Quenching involves inactivating endogenous peroxidase enzymes naturally present in tissues (such as in red blood cells, macrophages, or organs like liver, spleen, and kidney). These enzymes can catalyze the chromogenic reaction (e.g., DAB substrate) independently of antibody-antigen binding, causing background staining and false-positive results.

Buffers Used for HRP Quenching

HRP quenching is typically performed by incubating tissue sections in a buffer containing hydrogen peroxide (H₂O₂), an oxidizing agent that irreversibly inactivates endogenous peroxidases.

• Common Buffer: 3% hydrogen peroxide solution diluted in distilled water or buffered saline (PBS or TBS).

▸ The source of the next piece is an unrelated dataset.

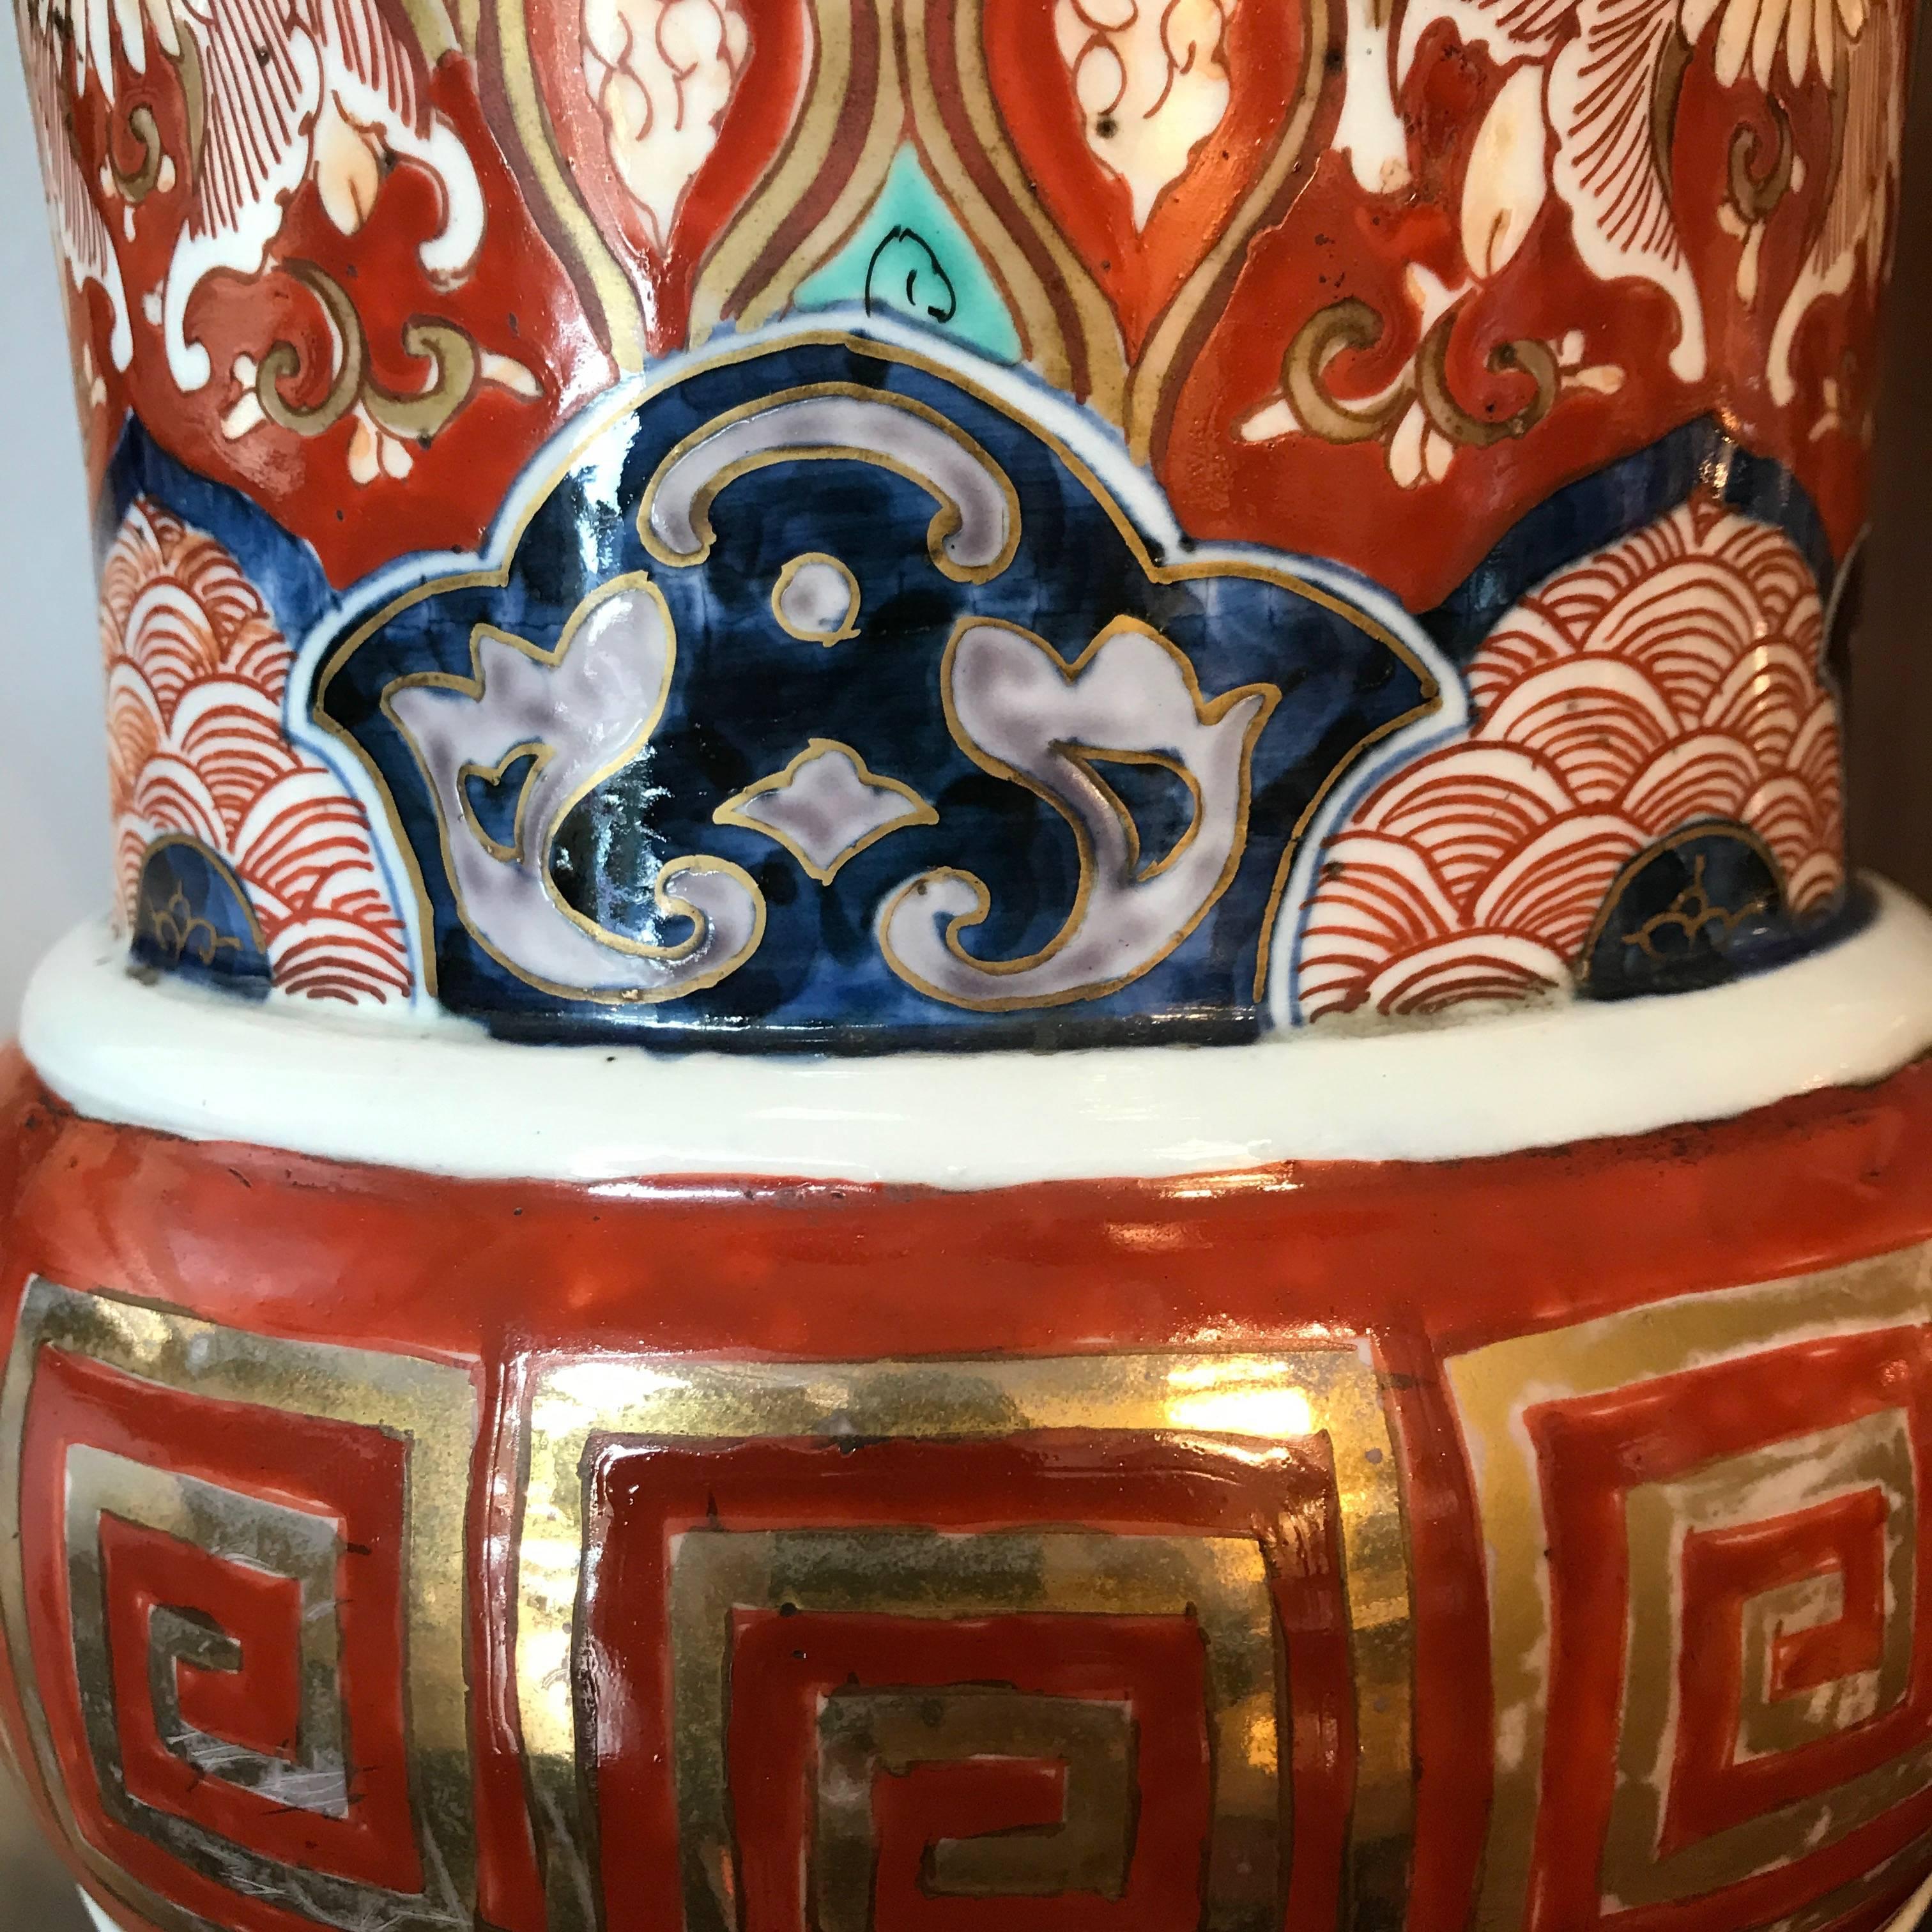 Pair of Large Imari Vases 19th Century Japanese Blue Red White Porcelain Vases 1

The pH is generally neutral (around 7.0–7.4) to preserve tissue morphology.
• Alternatives: Some protocols use hydrogen peroxide diluted in methanol (e.g., 0.3% H₂O₂ in methanol) for enhanced penetration and efficiency, especially on frozen sections.

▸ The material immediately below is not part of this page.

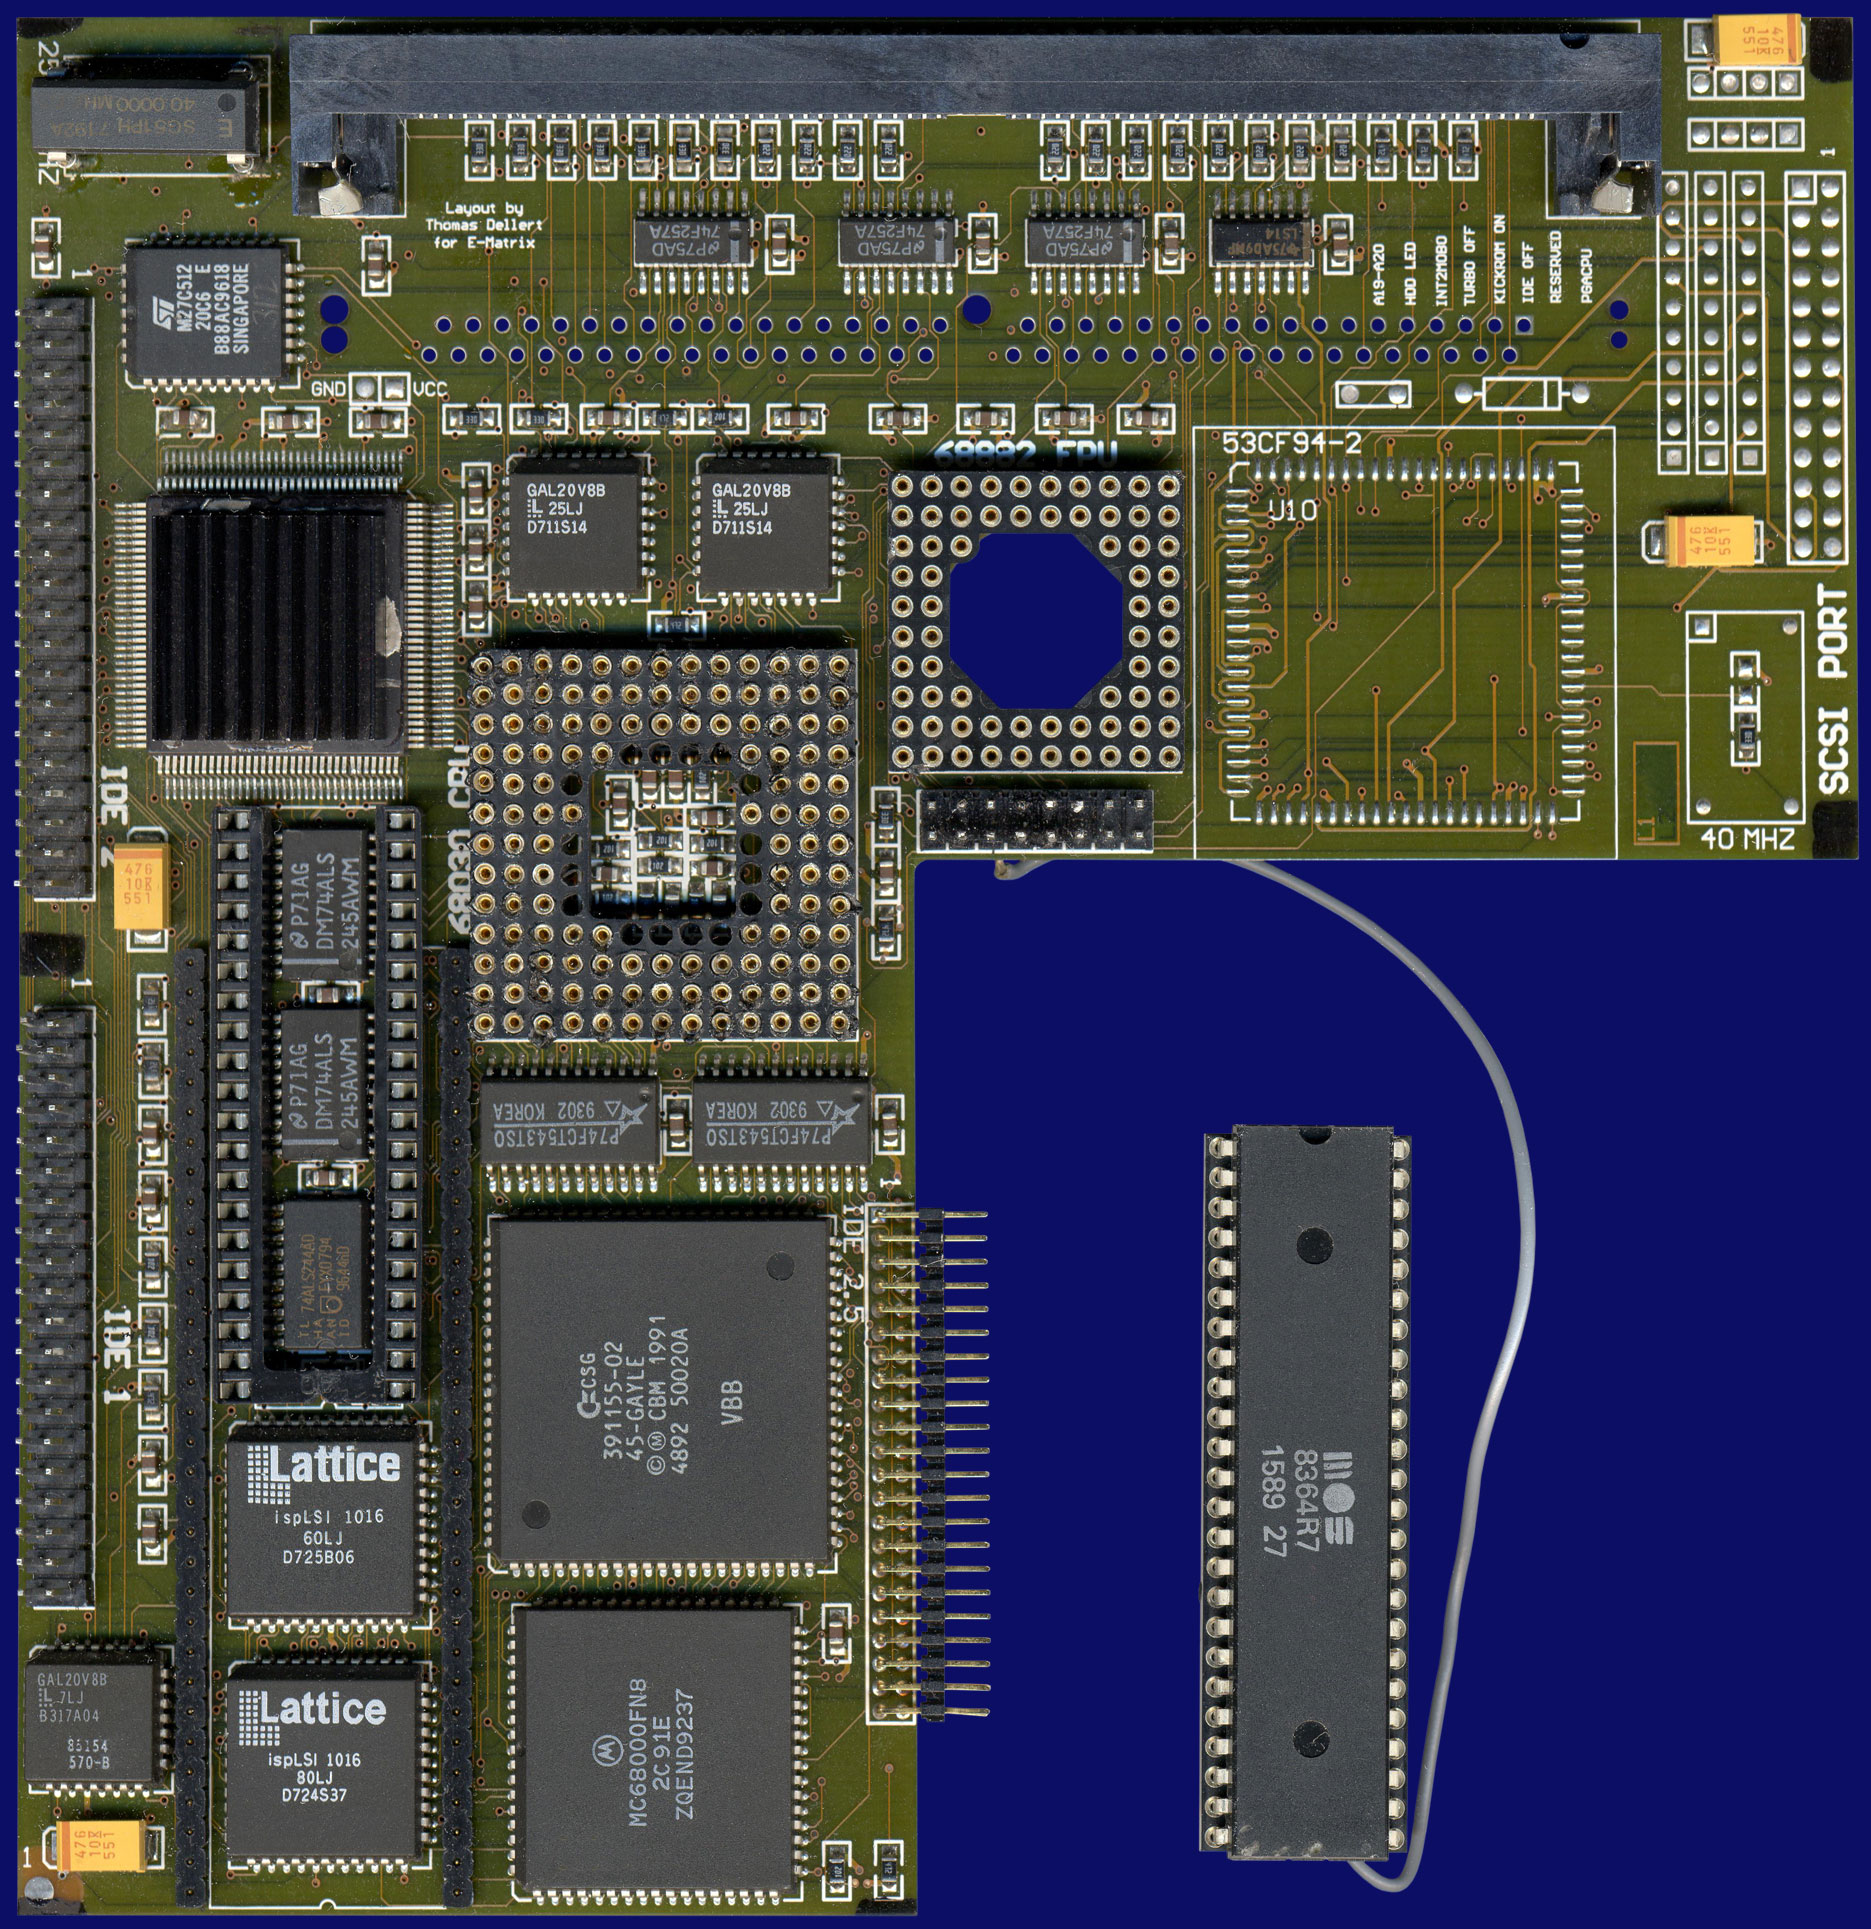 M-Tec E-Matrix 530 (Viper 530) - Version without SCSI, front side

Typical HRP Quenching Protocol

• After deparaffinization and antigen retrieval, rinse slides in PBS or TBS.
• Incubate sections in 3% hydrogen peroxide solution for 10–15 minutes at room temperature.
• Rinse thoroughly in PBS or TBS to remove residual peroxide.
• Proceed with blocking nonspecific sites and antibody incubation steps.

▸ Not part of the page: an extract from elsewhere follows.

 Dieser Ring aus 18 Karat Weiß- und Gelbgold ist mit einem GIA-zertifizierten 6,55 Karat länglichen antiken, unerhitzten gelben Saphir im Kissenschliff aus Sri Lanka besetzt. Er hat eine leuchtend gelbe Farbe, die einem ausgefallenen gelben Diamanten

Importance of Buffer Choice in Quenching

The buffer used to dilute hydrogen peroxide helps maintain pH stability and tissue integrity. The most commonly used buffers are:

• PBS (Phosphate Buffered Saline): Physiological buffer compatible with most IHC protocols.
• TBS (Tris Buffered Saline): Slightly more alkaline, sometimes preferred depending on antibody or detection system.